I think it might be possible that refactoring how we do VMAT_STRIDED_SLP
vs VMAT_GATHER/SCATTER, at least and possibly specifically for the
case of emulated handling would be a good thing. But it'll require experiments
and see how it all fits together.
I started experimenting some days ago and hit a bit of a roadblock when
checking whether
uint8_t *pix1;
int i_pix1;
uint8_t *pix2;
int i_pix2;
for( int i = 0; i < 4; i++, pix1 += i_pix1, pix2 += i_pix2 )
...
is suitable for a gather. IMHO the offset type must match the step/stride =
pix1 type = int. As we do not support signed gather offsets we need to use
64-bit unsigned ones and a 16 * 64 vector isn't directly supported.
So even though our strided loads do support signed strides, we cannot go via
the
recognize gather
-> recognize strided offset
-> strided load
route because the initial signed-offset gather will be unsupported :/
I guess we could define gather_load patterns with signed index but we'd have no
way of verifying whether a dynamic offset is actually a stride...

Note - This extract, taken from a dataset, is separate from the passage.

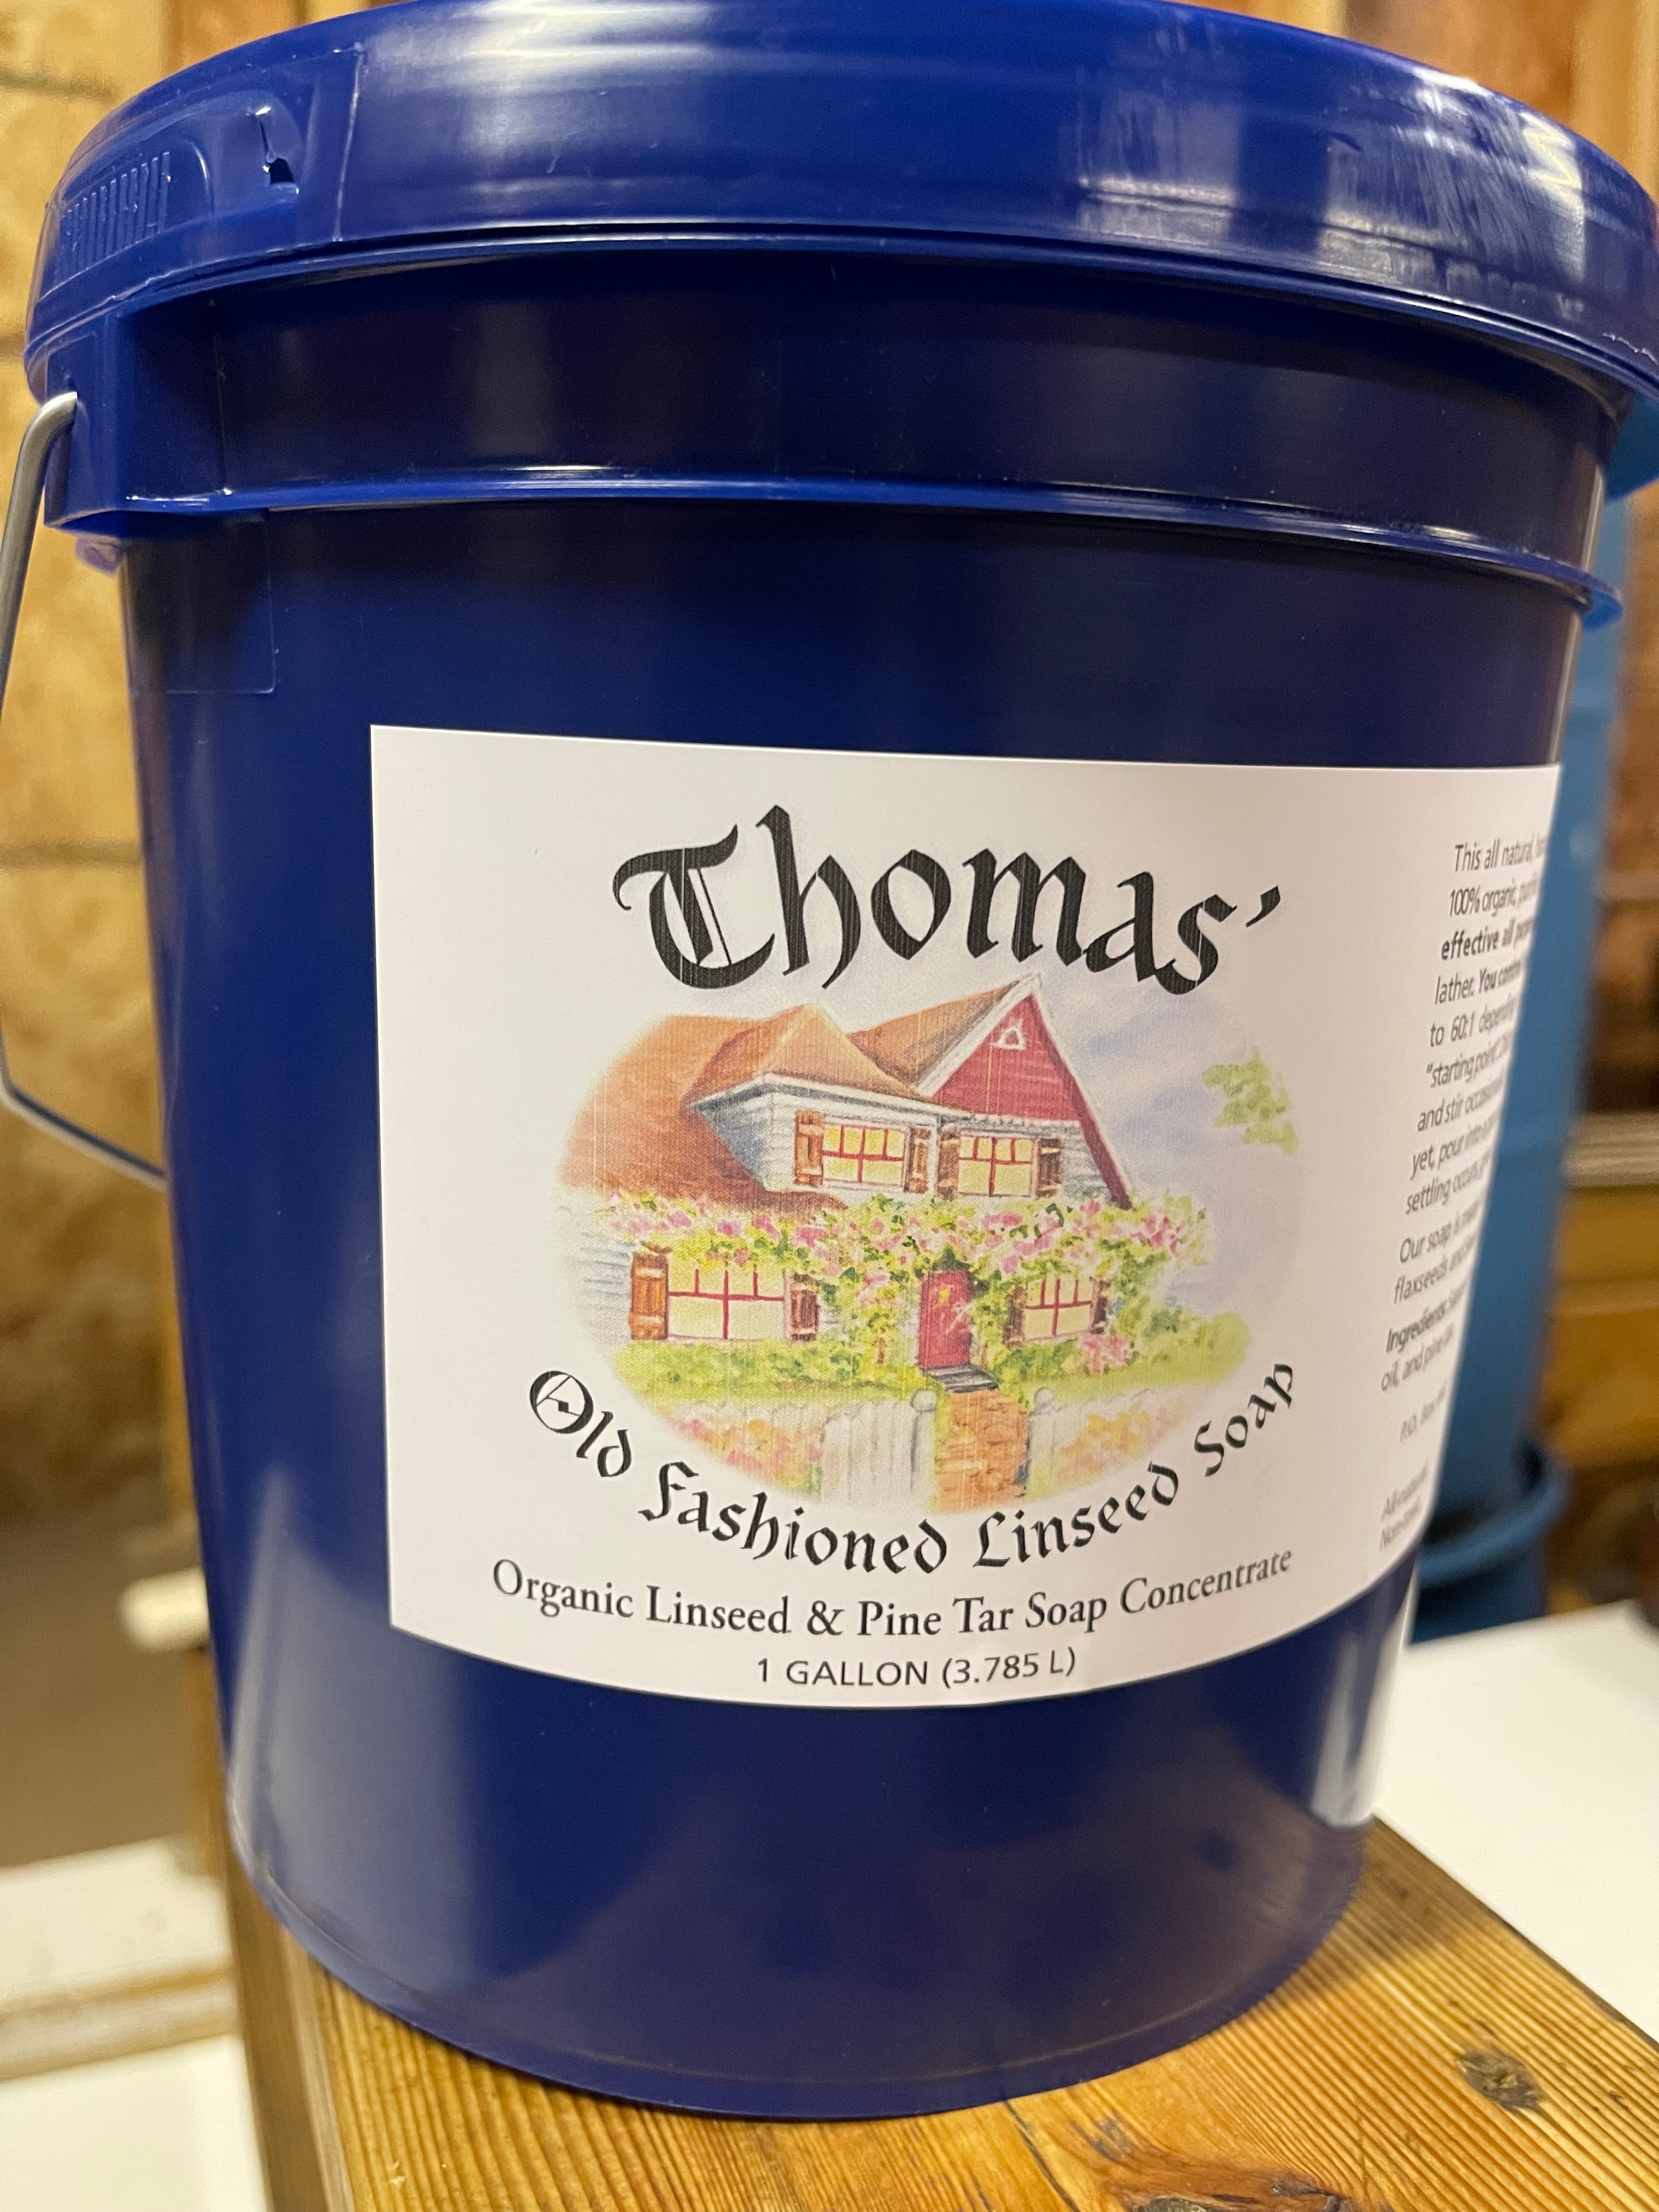 Thomas' Old Fashioned Linseed & Pine Tar Soap Concentrate - One Gallon

For riscv we could continue to pretend to have the respective gather (via LMUL,
so using > 1 registers) and later hope that what we recognized is indeed a
strided offset.
The other option would be to have an alternative to the gather -> strided
connection and additionally check for strided_load support directly? Currently
I see no way around this given the restrictions imposed by our insns.
--
Regards
Robin